7.2.7 A Biologically Plausible Implementation of the PMP

A biologically plausible neural architecture that is consistent with the PMP dynamics described by (7.1) or the model of Fig. 7.3 is described in Morasso et al. (1998). It is formulated in terms of collection of macro-neurons, each of which summarizes the activity level of a cortical column, and characterized by a nonlinear ordinary differential equation ODE, gated by the same Γ(t) function defined above. These neural ensembles can be considered “maps” because the lateral connections correspond to a semi-regular grid. The rate of change of the activity of each macro-neuron is modulated by three elements: (1) a local inhibitory input; (2) a recurrent neighboring excitatory input, due to lateral connections inside the map; and (3) another excitatory input originating from external sources. The model is consistent with what is known about the cytoarchitecture of motor cortical areas. In fact, the majority of synapses in the mammalian neocortex originate from cortical neurons. In particular, lateral connections from superficial pyramids tend to be characterized by recurrent excitation with other pyramids (about 80 % of the total), while only about 20 % of the synaptic connections are with inhibitory intra-columnar interneurons (Nicoll and Blakemore 1993). It is well known that recurrent excitation in neural networks can implement many interesting functions, like finite-state automata, associative memories, or spatiotemporal pattern formation (McCulloch and Pitts 1943; Cohen and Grossberg 1983; Hopfield 1984; Morasso et al. 1998). On the other hand, inhibitory synaptic connections are an important part of the intrinsic circuitry of the neocortex, serving to modulate the propagation of sensory information.

More specifically, the inhibitory local field is expressed by a simple “leaky integrator.” The recurrent lateral connections are excitatory and approximately symmetric, as in Hopfield networks, thus making sure that the map is stable, i.e., has an attractor dynamics. We also assume that the pattern of lateral connectivity is acquired through a process of babbling and self-organization, thus encoding the dimensionality and topology of the sensorimotor space represented by the map. The distribution of activity throughout the map via the lateral connections is normalized by a mechanism of gating inhibition that takes into account, for each macro-neuron, the average activity of its neighbors (Reggia et al. 1992; Morasso et al. 1998). Finally, the input field, broadcasted to the map by another map or by thalamocortical projections, is channeled to a limited population of macro-neurons via a mechanism of shunting interaction that induces a cluster of activity in the neural population around the neuron that resonates with the input field.

The equilibrium states of this network architecture are characterized by clusters of activation in register with the peak of the external field, i.e., a population code matching the external input field. After a shift of the input field, corresponding to the selection of a new target, the combination of symmetric recurrent excitation, gating inhibition, and shunting interaction induces in the map an attractor dynamics characterized as follows: first, a diffusion process (which initially flattens the population code, spreading the activity pattern over a large part of the network) and, then, a re-sharpening process around the target.
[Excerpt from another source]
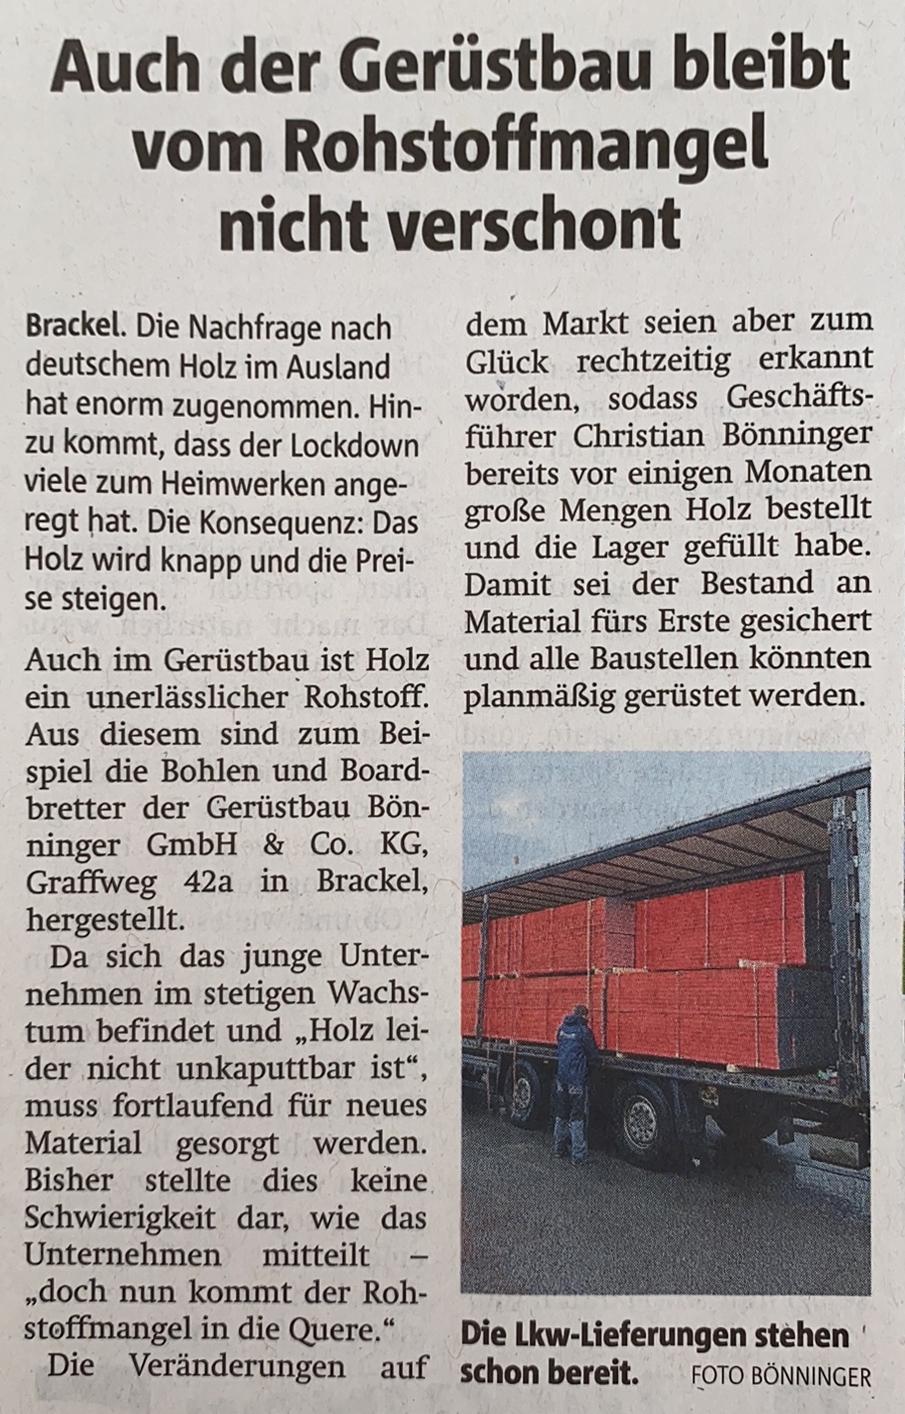 Gerüstbau Bönninger – Holzlieferung Dortmund Rohstoffmangel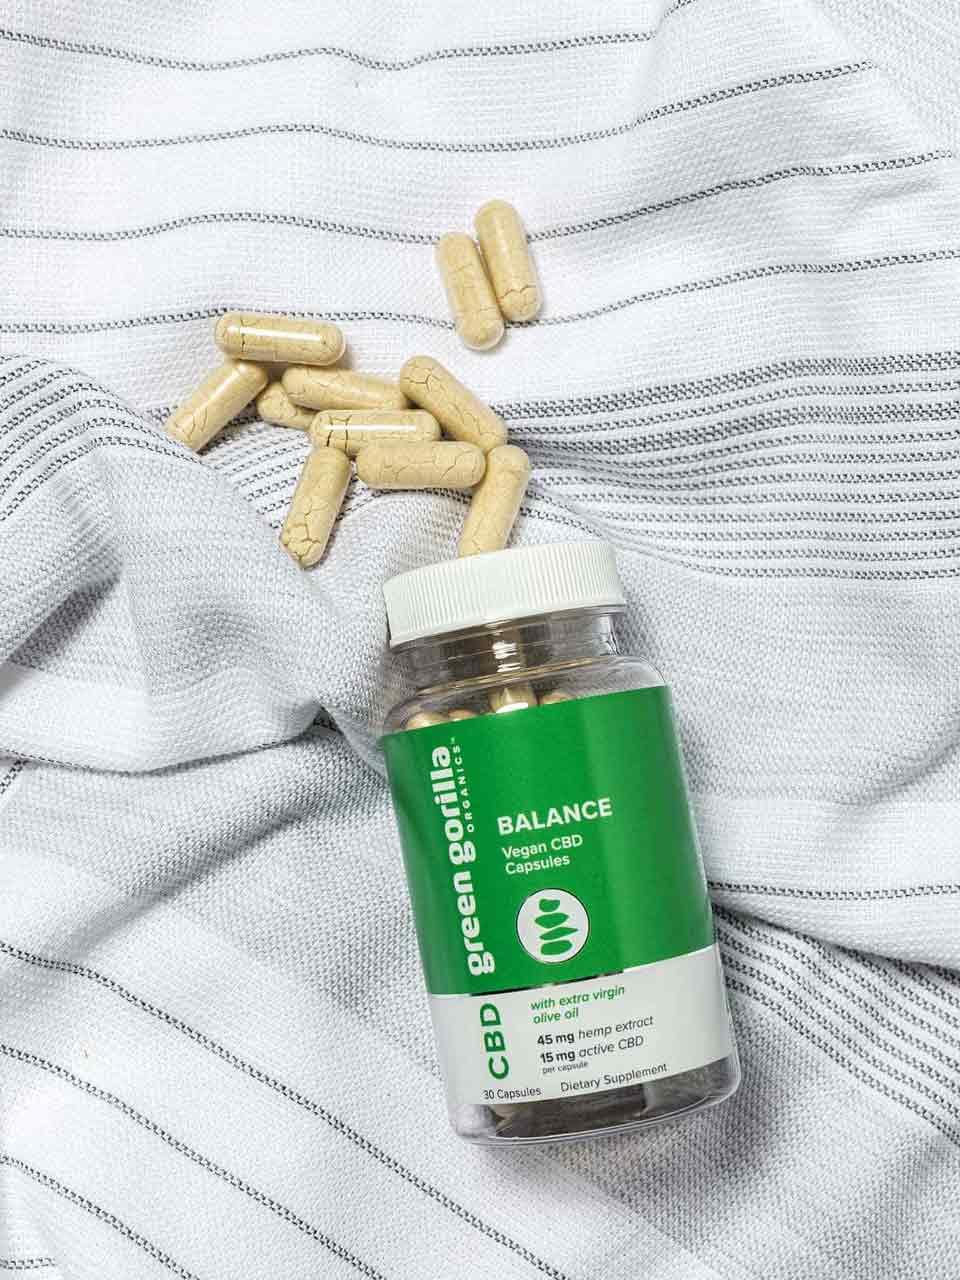 Loose CBD capsules and bottle of Green Gorilla CBD Balance capsules

The combination of the two processes can be described as a moving hill, namely, the propagation of the population code towards the new target.

Suppose now to instantiate two cortical maps, with the same network dynamics but with different dimensionality and connectivity: for example, a map for representing hand position and the other for representing arm configuration (in the case of arm motor control) or a map for representing speech sounds and the other for representing configurations of the vocal tract (in the case of speech motor control). Both cases are characterized by a high degree of redundancy, and thus the latter map will have a larger number of units and a more complex connectivity than the former one. We may suppose that during a process of self-supervising learning or Piagetian circular reaction (Kuperstein 1991), it was possible to acquire two sets of topology-representing intra-connections for the two maps and, at the same time, a set of interconnection between the maps. As a consequence of the redundancy of the system, we may expect that interconnectivity will be “many to one,” i.e., each neuron of the hand map will be connected to many neurons of the arm map, thus representing in a distributed manner the “null-space” of the kinematic transformation between the two spaces.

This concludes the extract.